Provided material:
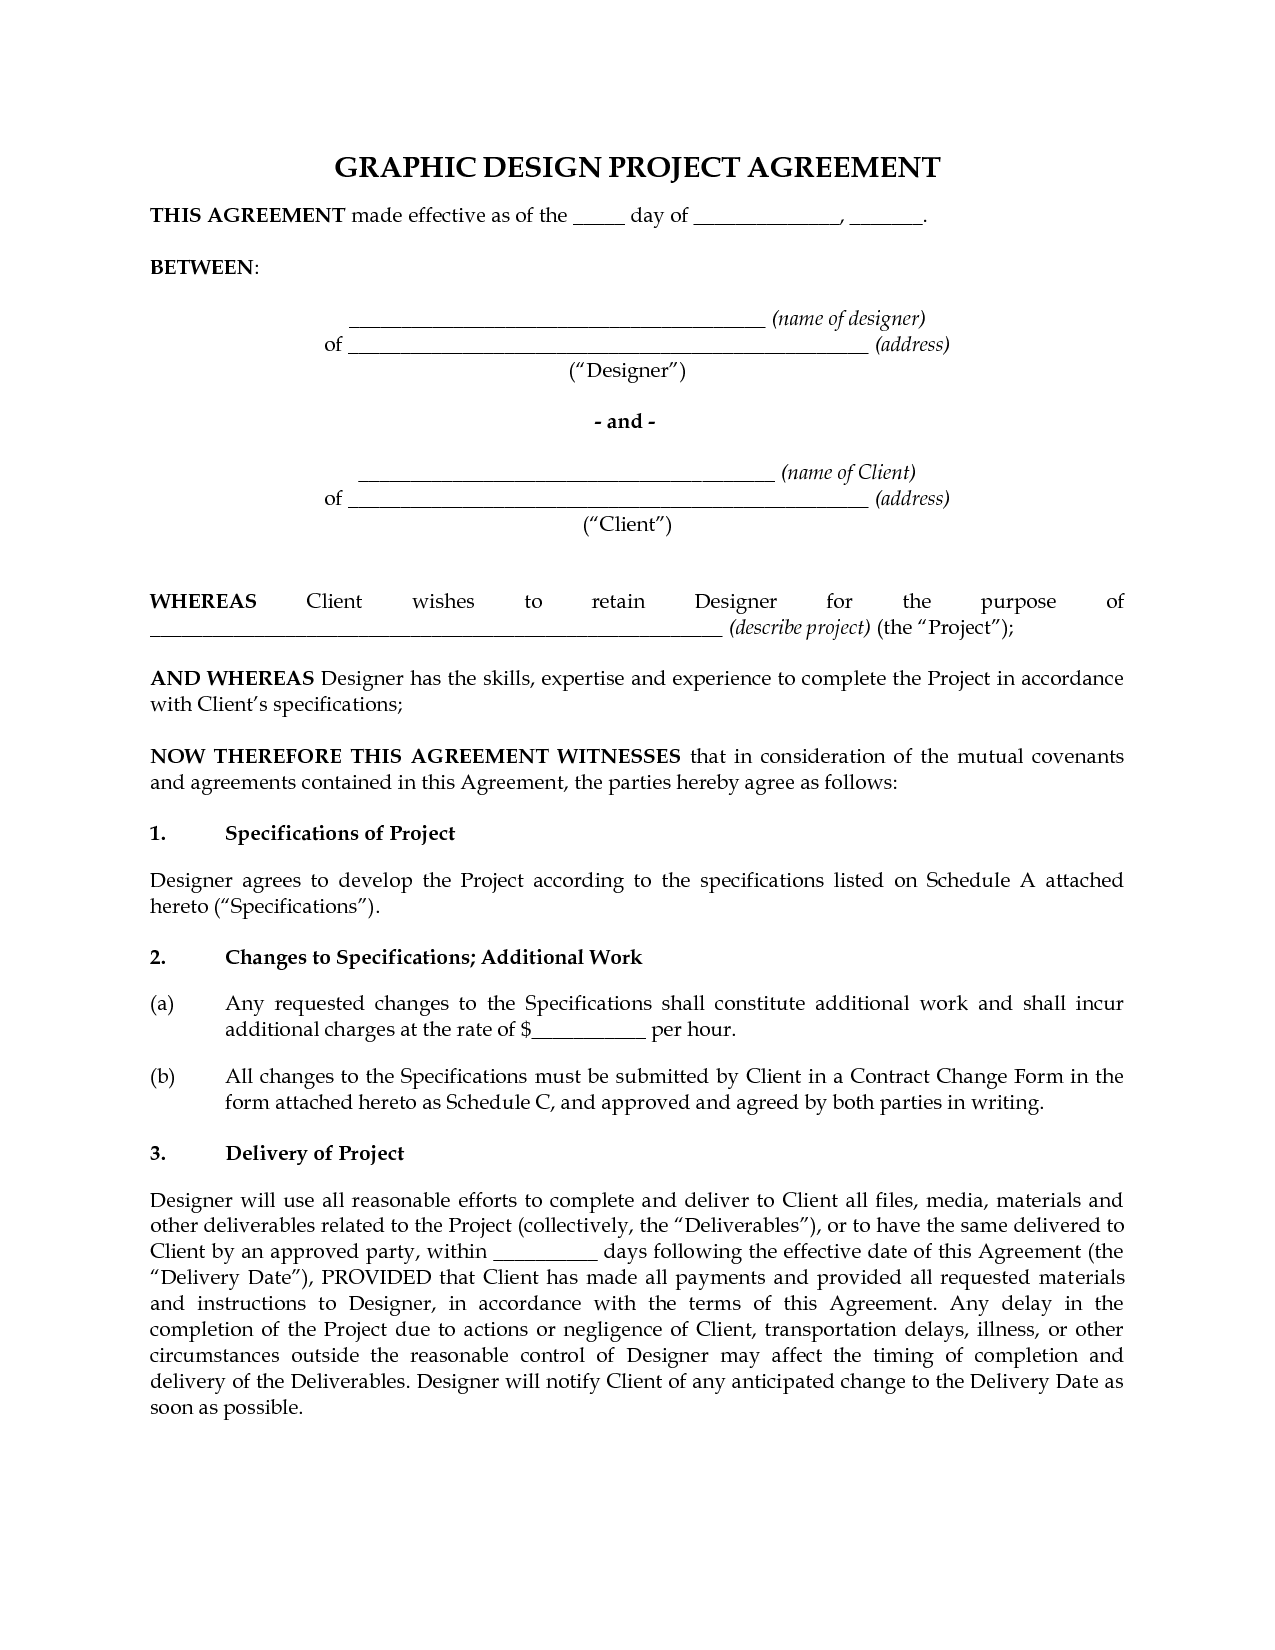 Graphic Design Contract Agreement Template
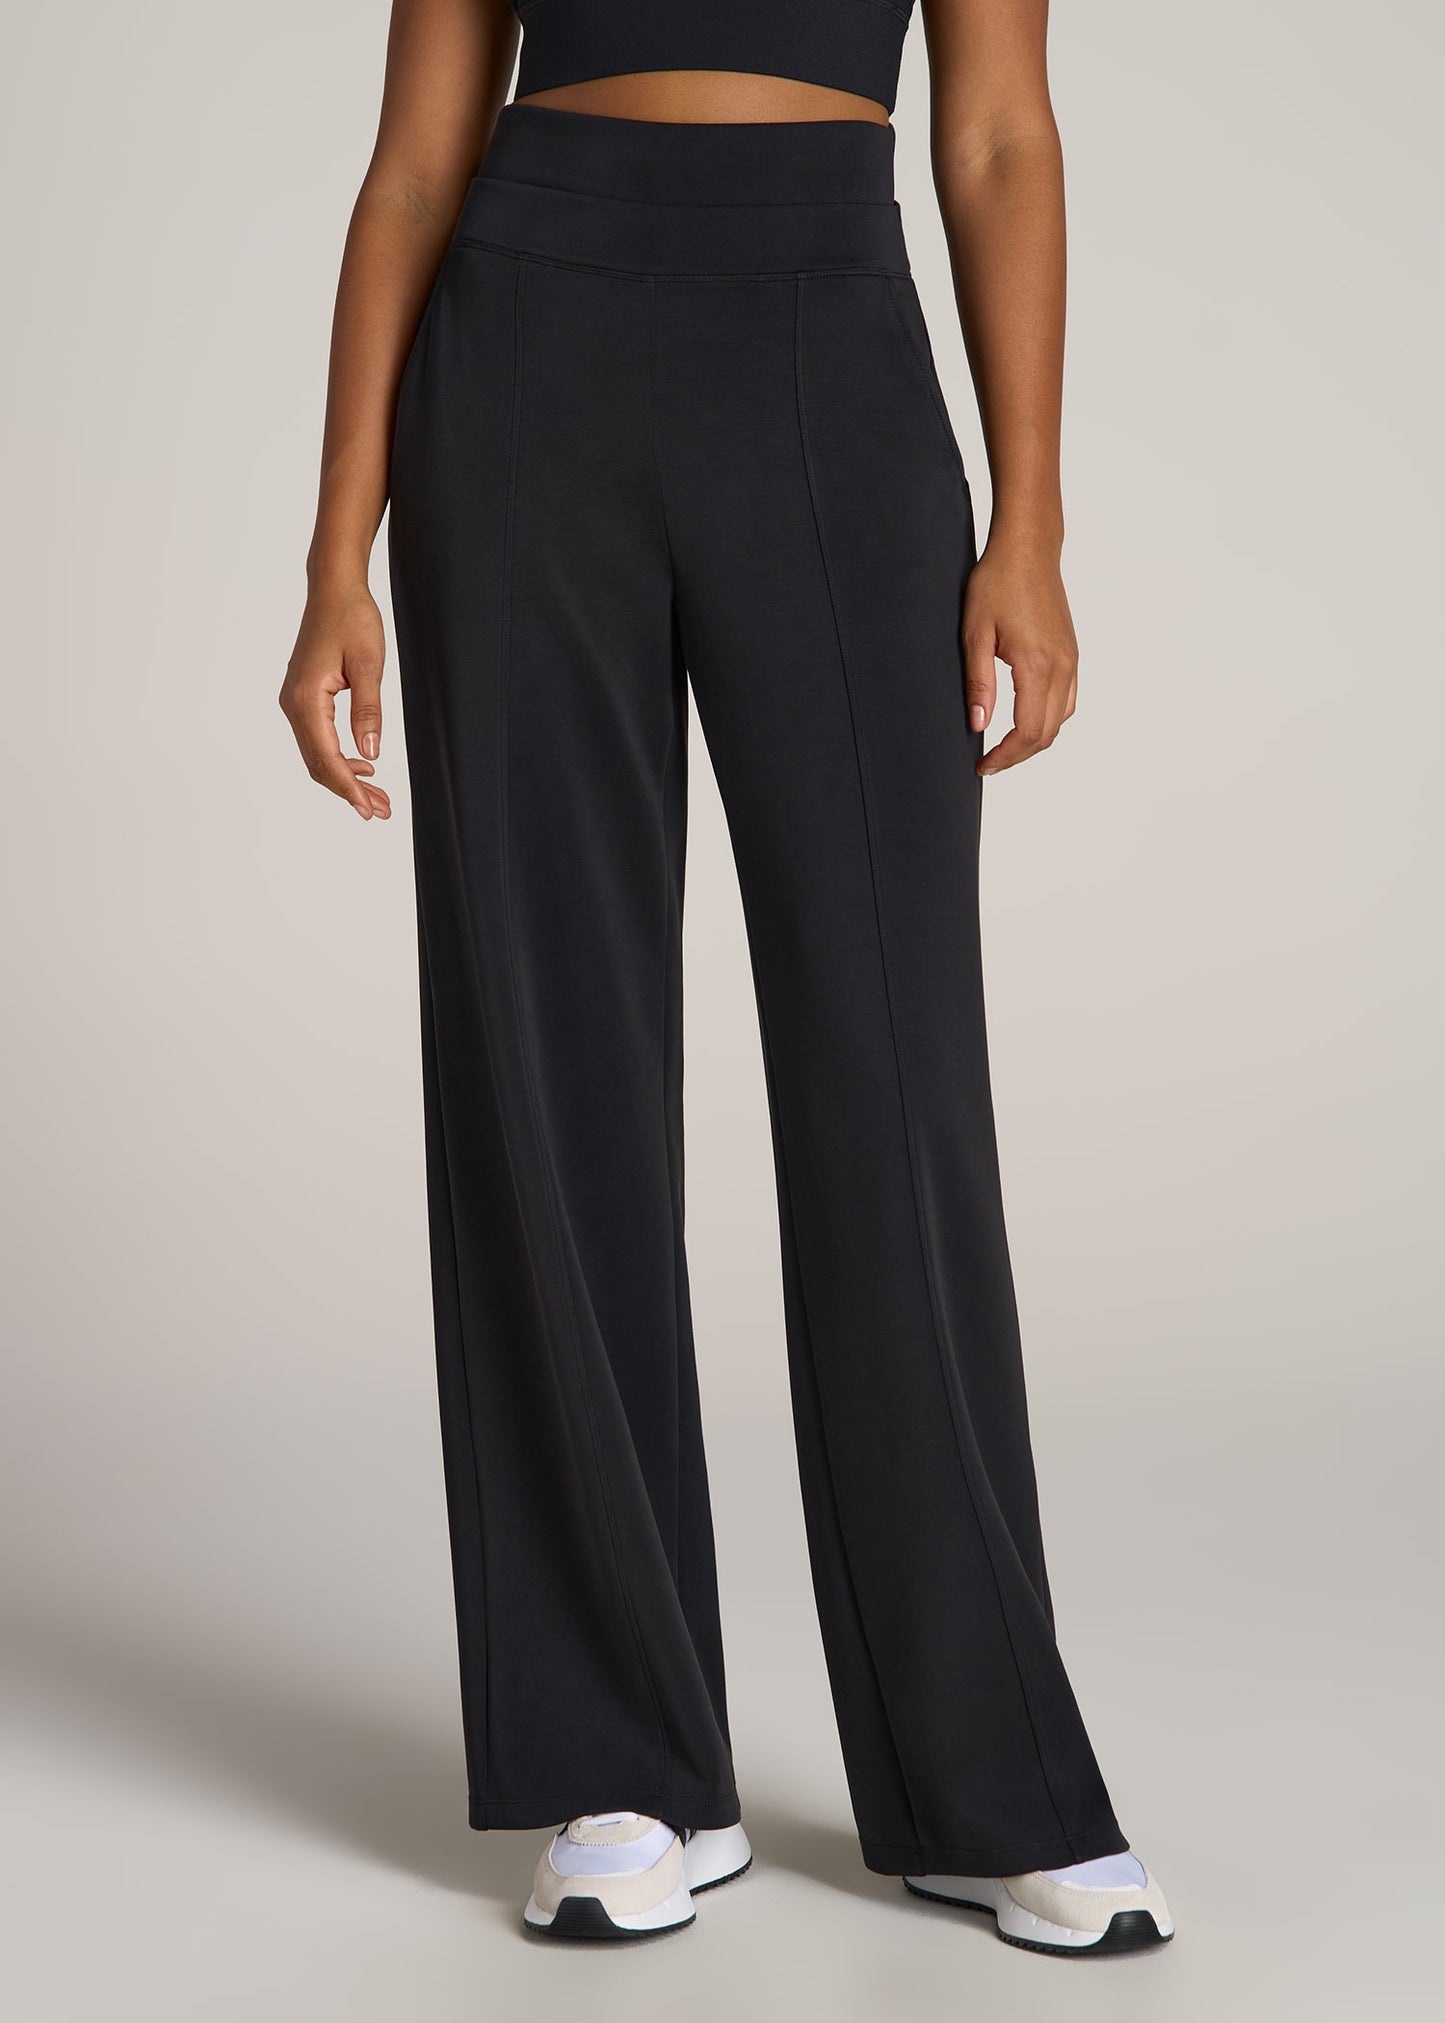 Women's Classic Poly Knit Pants - Pull On Slacks with Elastic
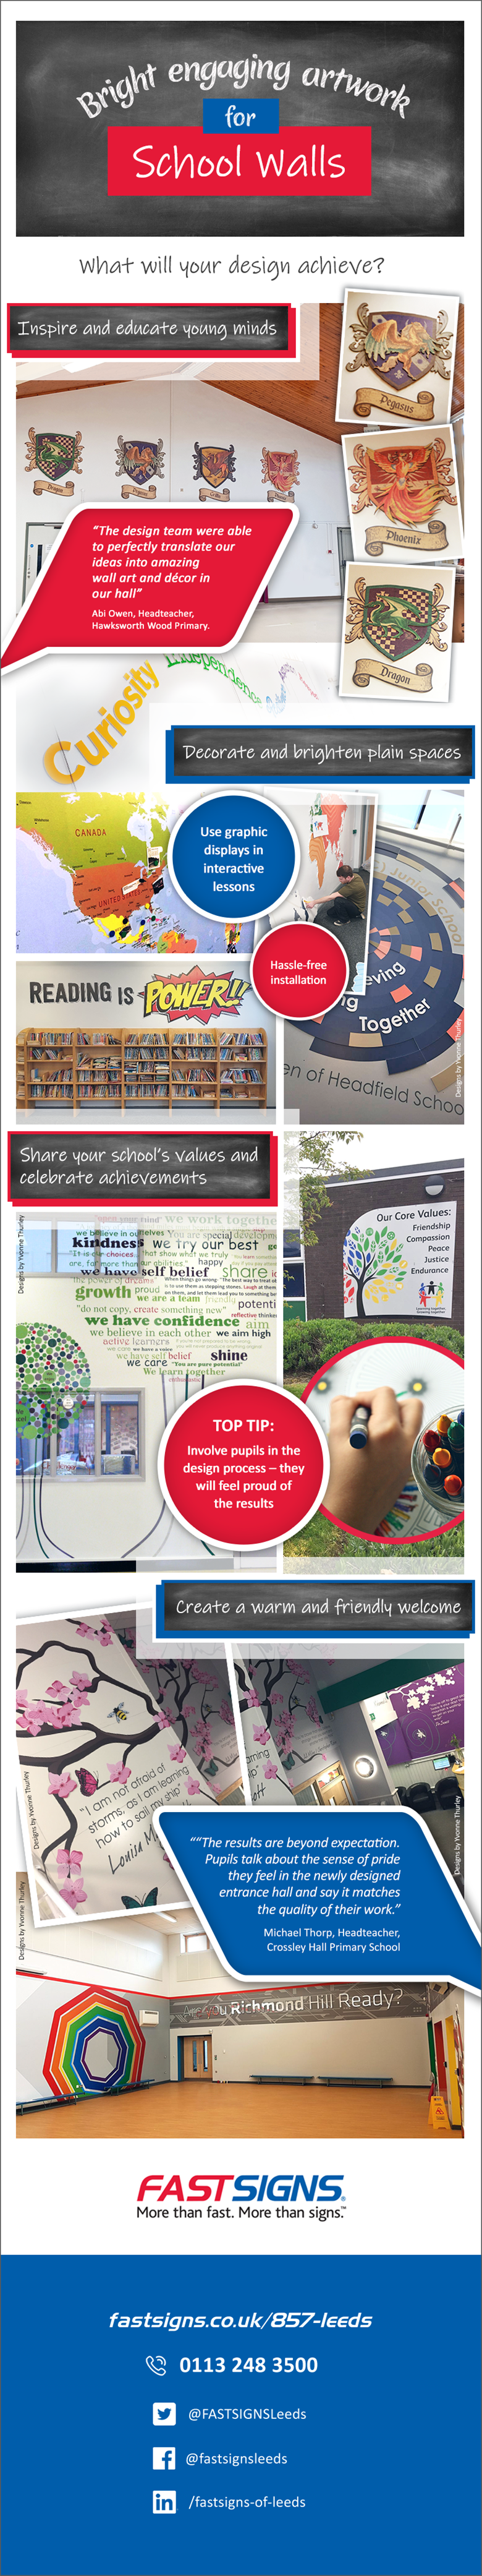 fastsigns-infographic-artwork-for-schools

Exercise: What you return should be only the lines from the line with "Women's Classic Poly" through the last line of the listing above, exactly, both ends included, pictures excluded.

Exercise result:
 Women's Classic Poly Knit Pants - Pull On Slacks with Elastic
 fastsigns-infographic-artwork-for-schools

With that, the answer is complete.